What to produce
Leave the pictures out, and transcribe the material below exactly from the line with "Adventskalender Geschenkideen" to the line with "Die schönsten Adventskalender", both lines included.

Supplied information
====
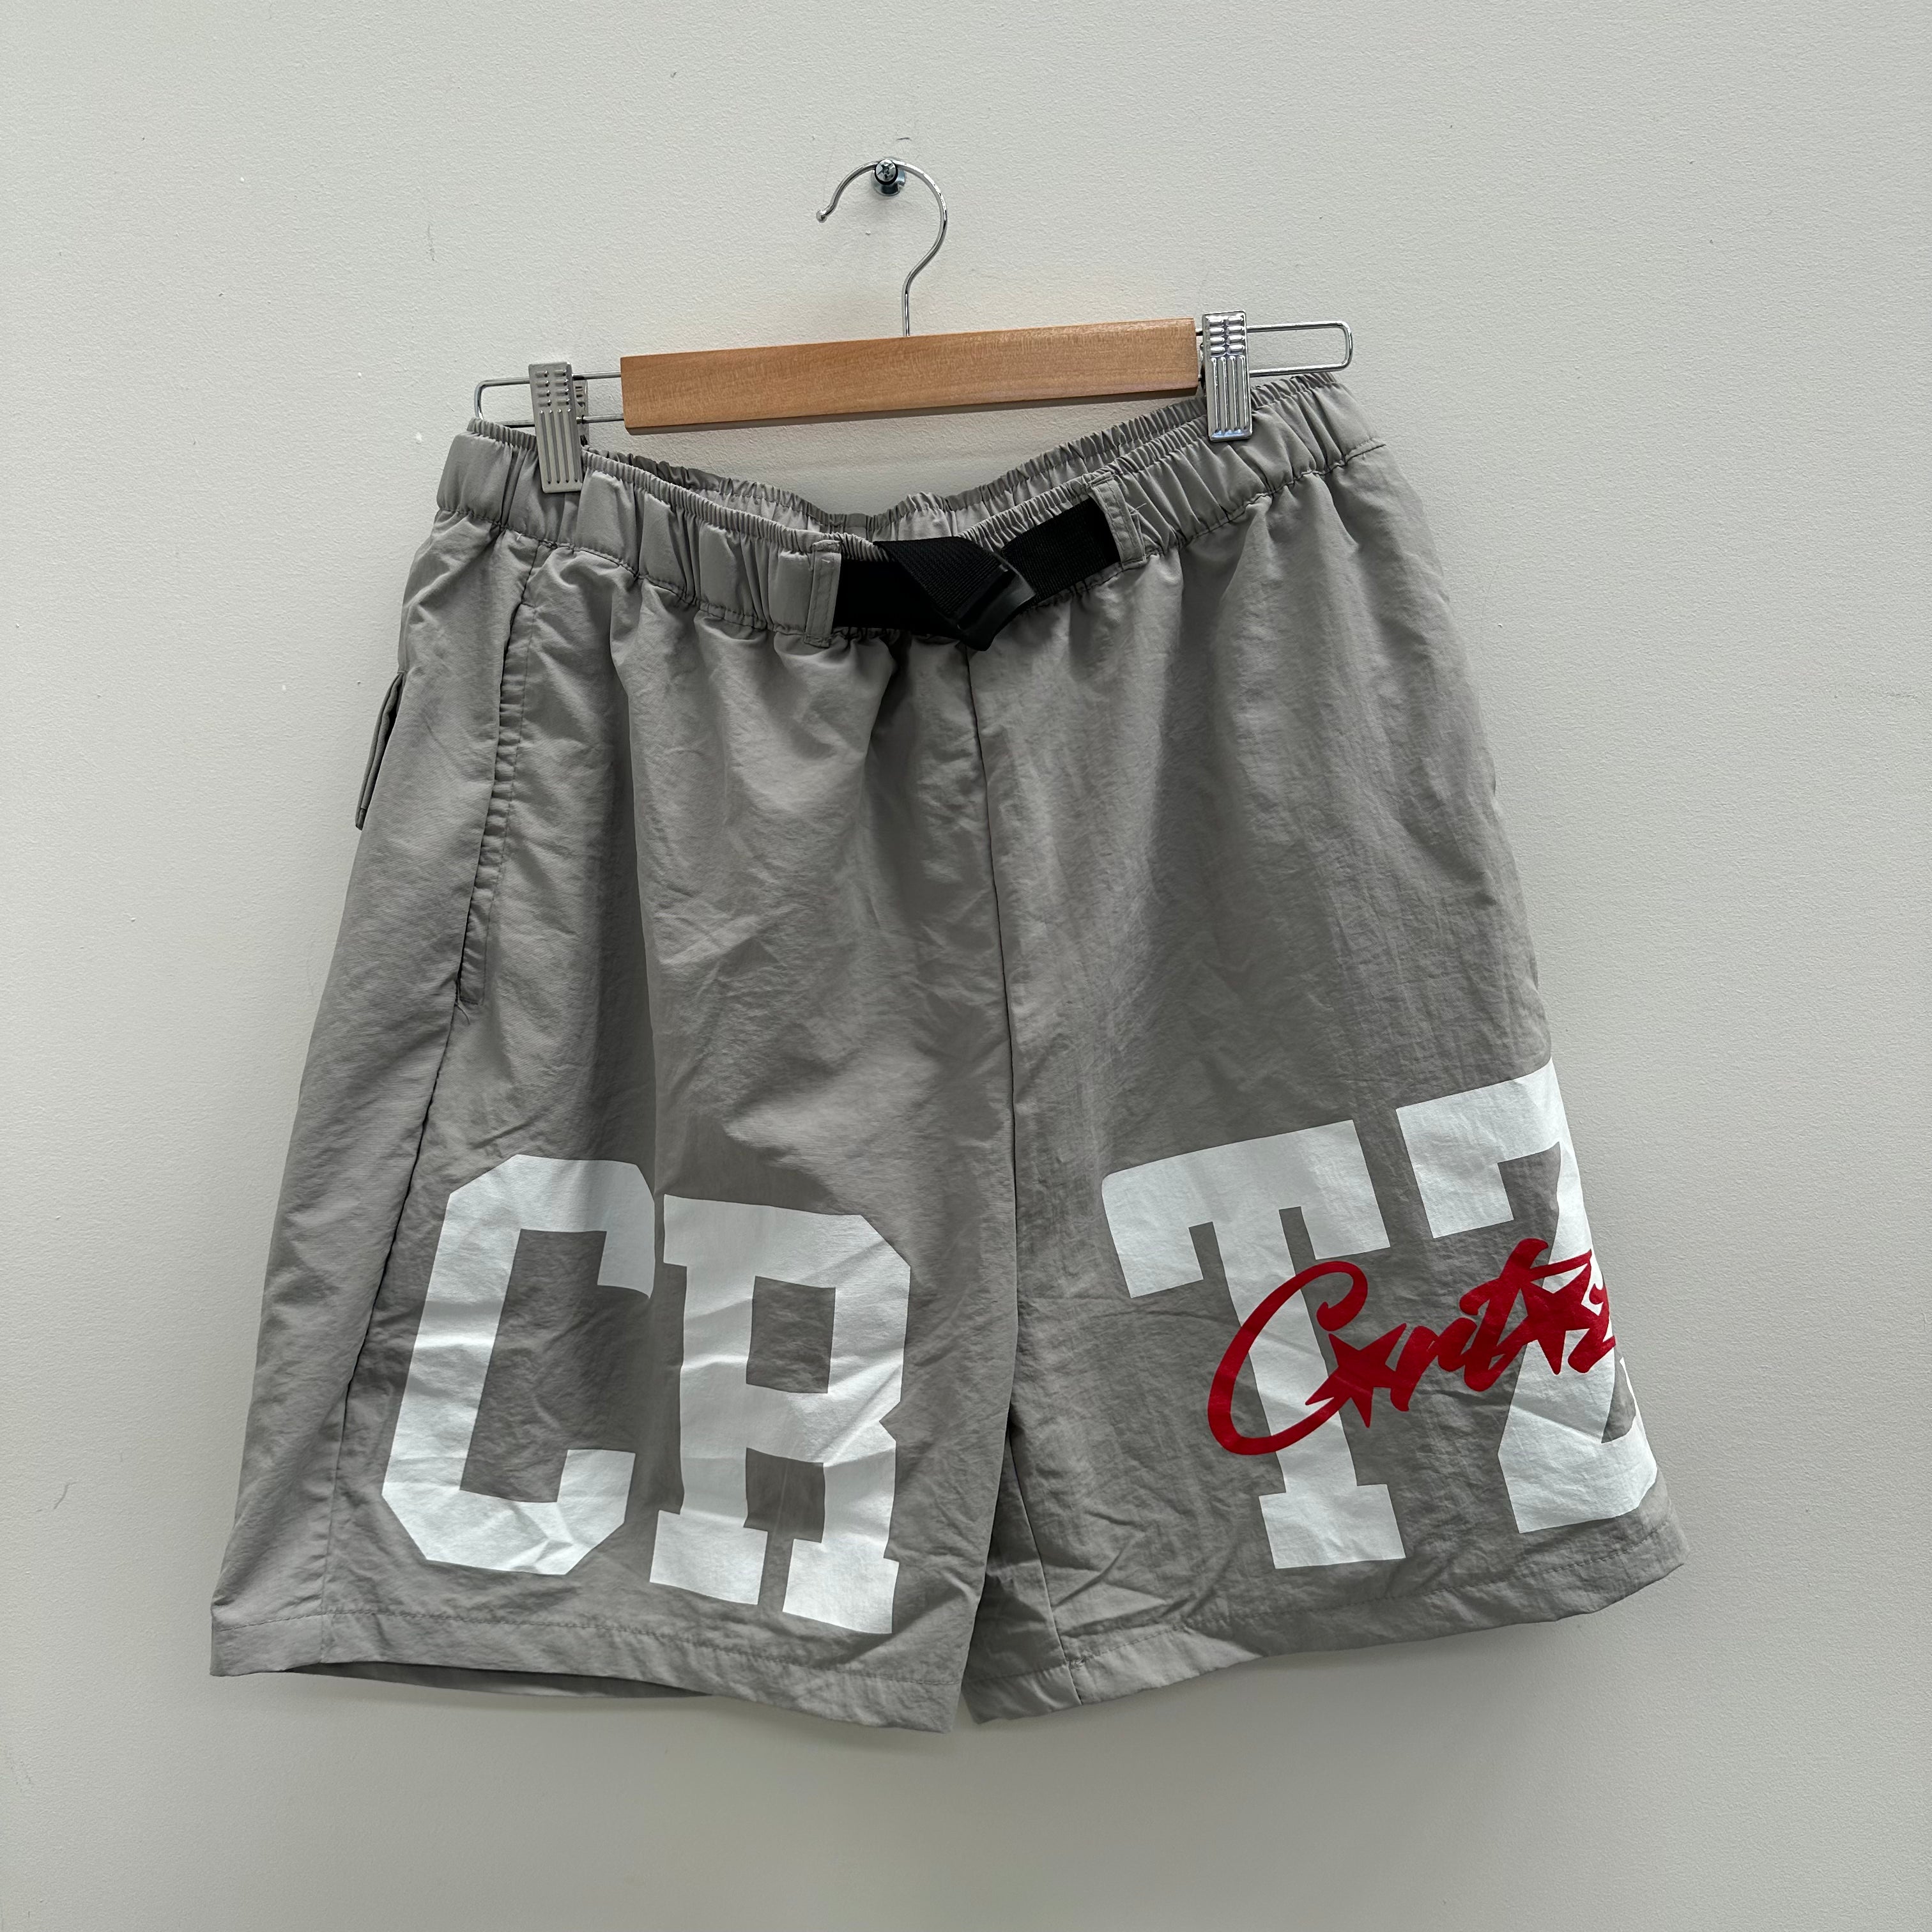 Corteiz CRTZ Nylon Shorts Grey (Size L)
====
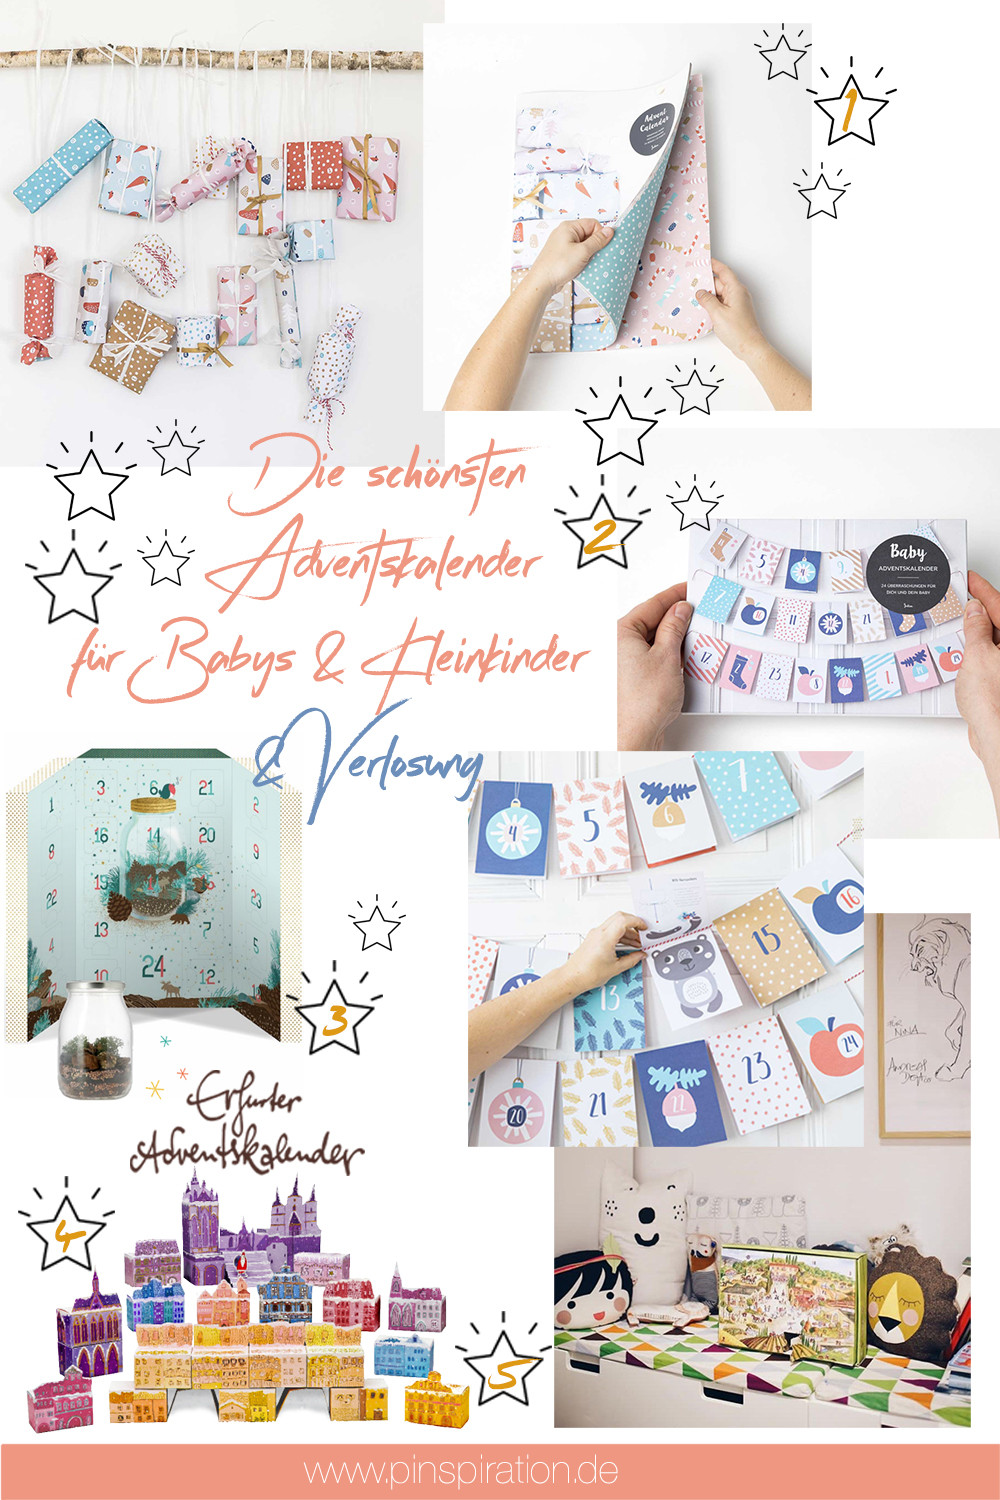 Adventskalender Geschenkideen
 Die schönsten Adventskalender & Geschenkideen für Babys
====
Solution to the problem
 Adventskalender Geschenkideen
 Die schönsten Adventskalender & Geschenkideen für Babys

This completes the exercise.